# My new Nubian babies



## KLSpoultry (Dec 14, 2008)

well, they're not tiny babies, but they're about 3 months old.  they're my first registered, purebred, full-sized goats and I already love them. The doe is the reddish one and the buck is the black one. I went only planning on taking the doe home, but I just had to have the buck when I saw him. He makes my heart flutter  I just applied for membership to ADGA so I can send their papers in. The doe was named already, her name is Miss Arkansas and I named the buck on the spot, his name is Artemis. I'm hoping they turn on nice enough to show. EXPERTS: let me know what you think of them and be honest, i'm VERY new to goats and want to learn as much as possible.

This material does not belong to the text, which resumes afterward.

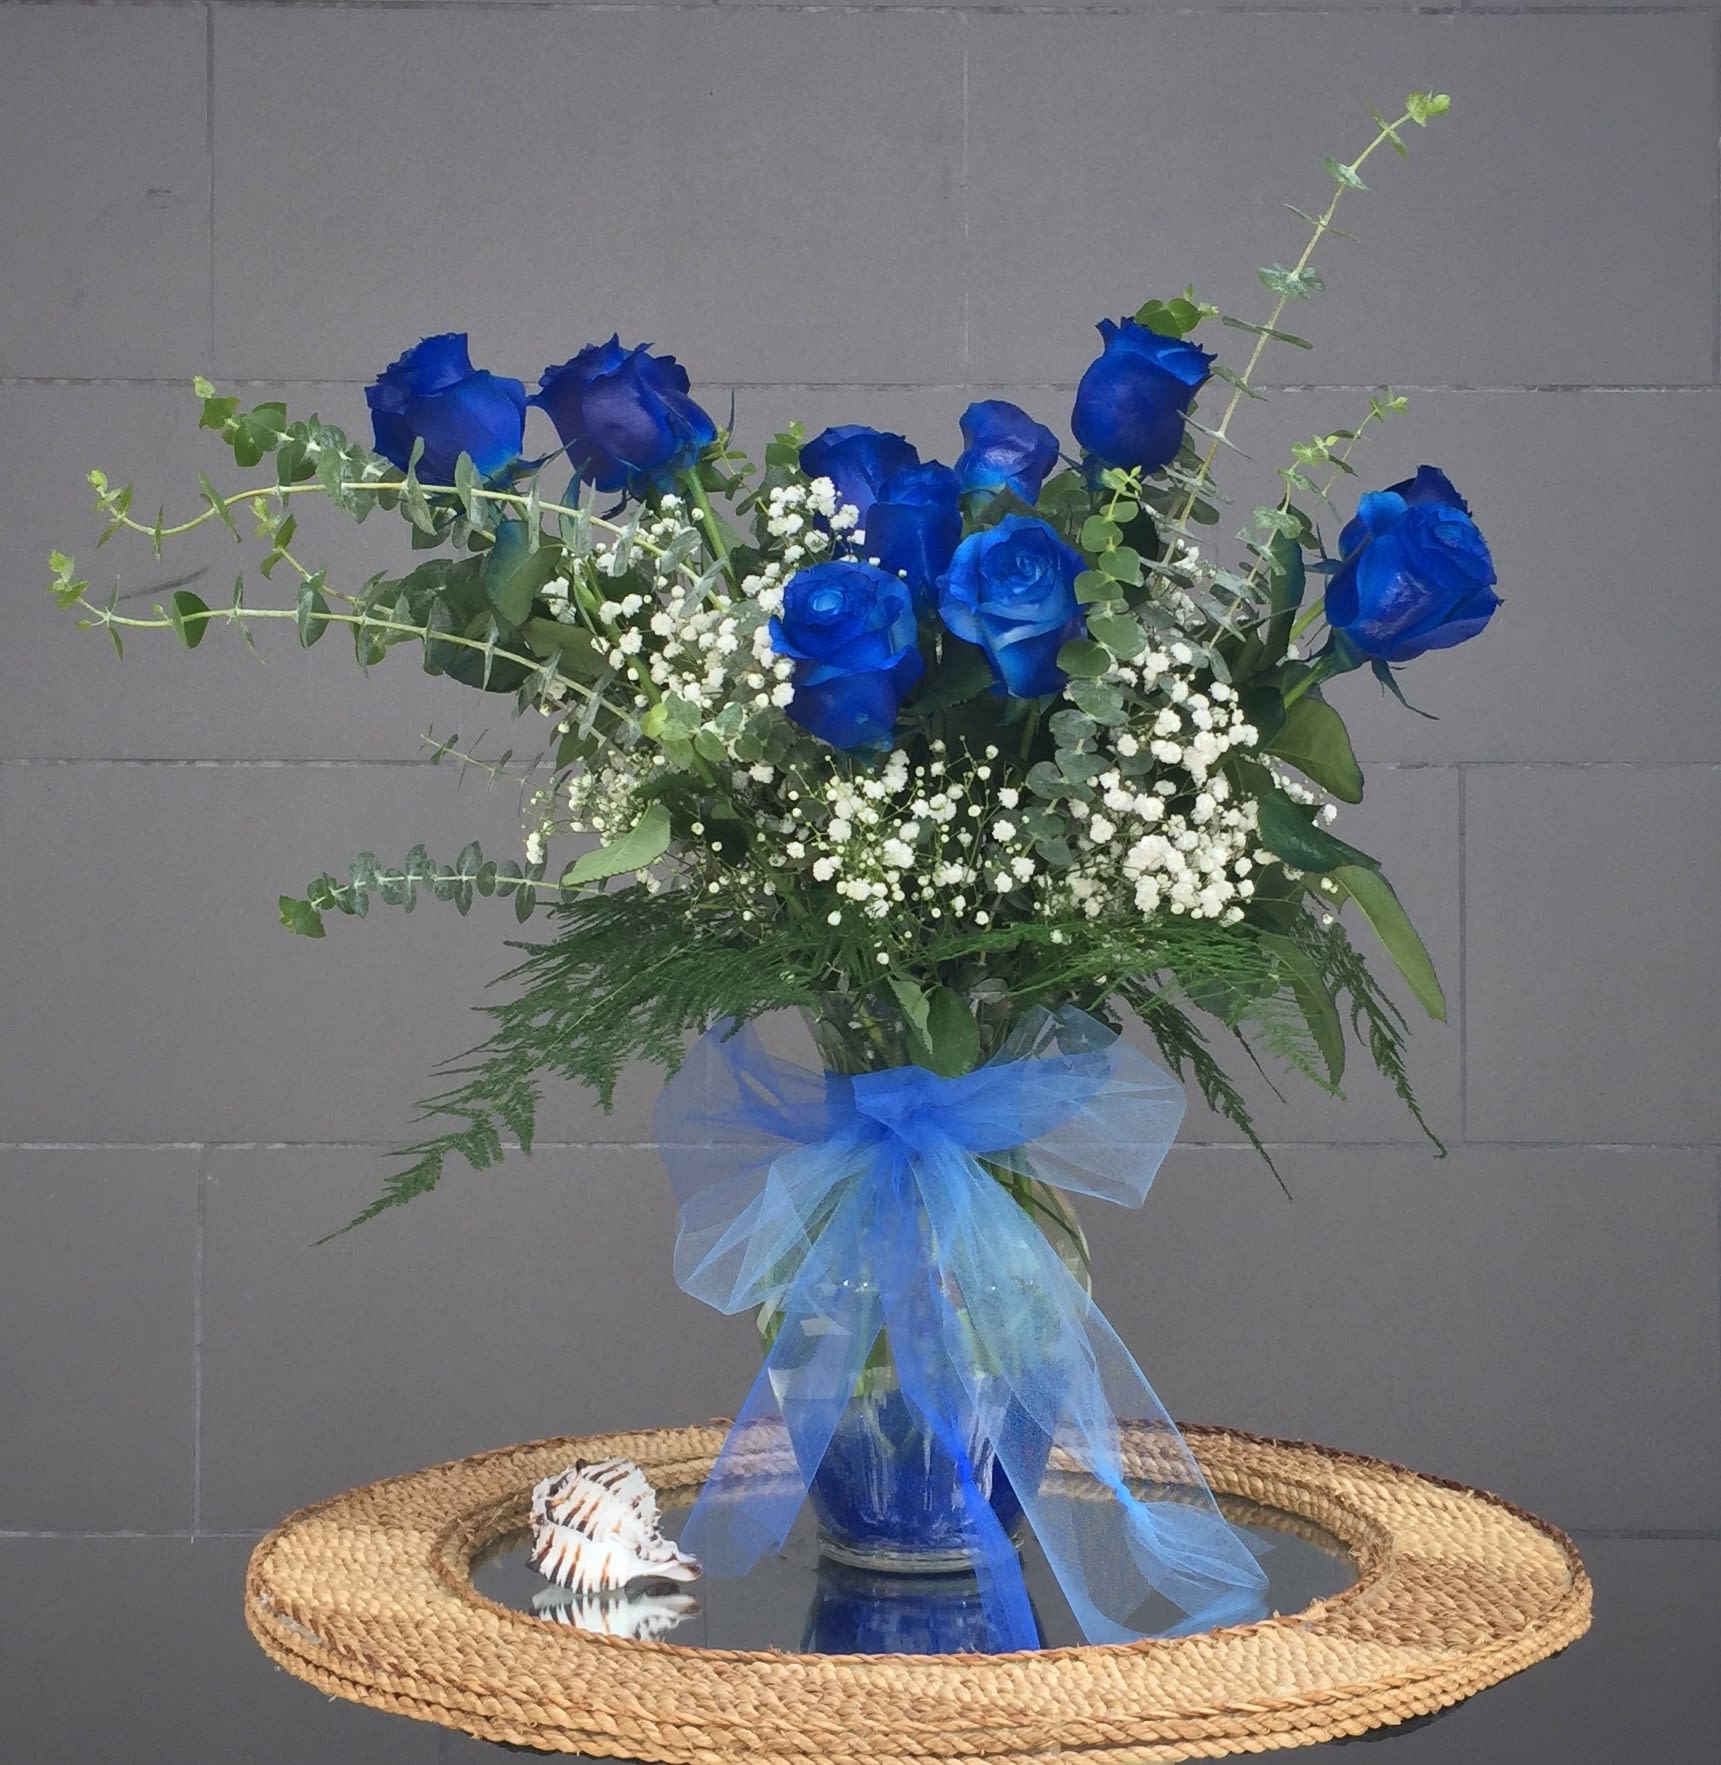 Nautica - Beautiful blue roses and nice accents in a tall glass vase. STANDARD AS SHOWN: 12 ROSES DELUXE: 24 ROSES PREMIUM: 36 ROSES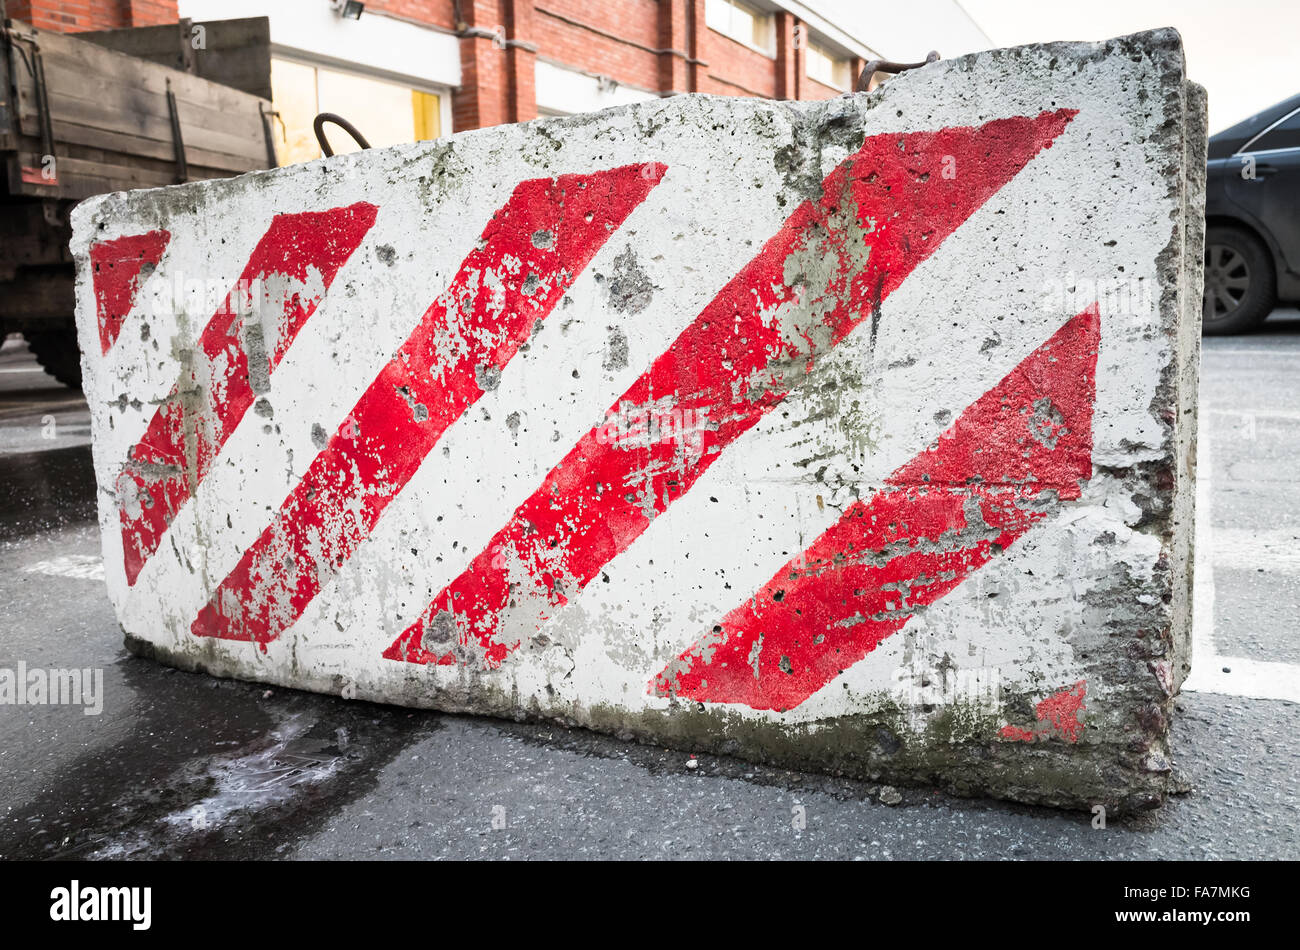 closeup photo of concrete road block with warning red and white diagonal striped pattern Stock Photo

both were from triplet kiddings and both have spotted family trees to great grandparents


----------



## toth boer goats (Jul 20, 2008)

they are beautiful......love them all the way around.....congrats   :greengrin: :greengrin:


----------



## Thanatos (Mar 16, 2009)

They are great lookin :thumb: I really like the boys colors.


----------



## nhsmallfarmer (Apr 14, 2008)

congrats they look awesome :thumb: :thumb:


----------



## Amy Goatress (Oct 2, 2008)

They're lovely!


----------



## Epona142 (May 26, 2008)

I'm certainly not a Nubian expert but they look just lovely. :thumbup:


----------



## StaceyRosado (Oct 5, 2007)

love the boy's roman nose!

They look to have nice straight legs - but they are to scared to be showing themselves off properly right now


----------



## Jenna (Jan 7, 2009)

Nice kids!! I looove them!! better lock your barn so i don't come over there and take one!! :ROFL:


----------



## shadycreekgoats (Mar 23, 2009)

They are so cute!!


----------



## AlaskaBoers (May 7, 2008)

great breed character for sure! that boy has a great roman nose!

and theyre cute.

you might want to try setting them up when theyre settled in. that way we could get a better idea of conformation. :thumb:


----------



## kannm (Mar 18, 2009)

So cute.


----------



## rebelshope (Sep 21, 2008)

hubba hubba! Moon spots, floppy ears! TOO adorable!

I love the name Artemis!


----------



## Dreamchaser (Oct 30, 2008)

Aww so sweet, and beautiful! Does it matter that she has a cleft in one ear? I don't know much about showing livestock, so that's why I'm asking.


----------



## Pheonix08 (Mar 9, 2008)

Both very cute look a little steep in the rump thou.


----------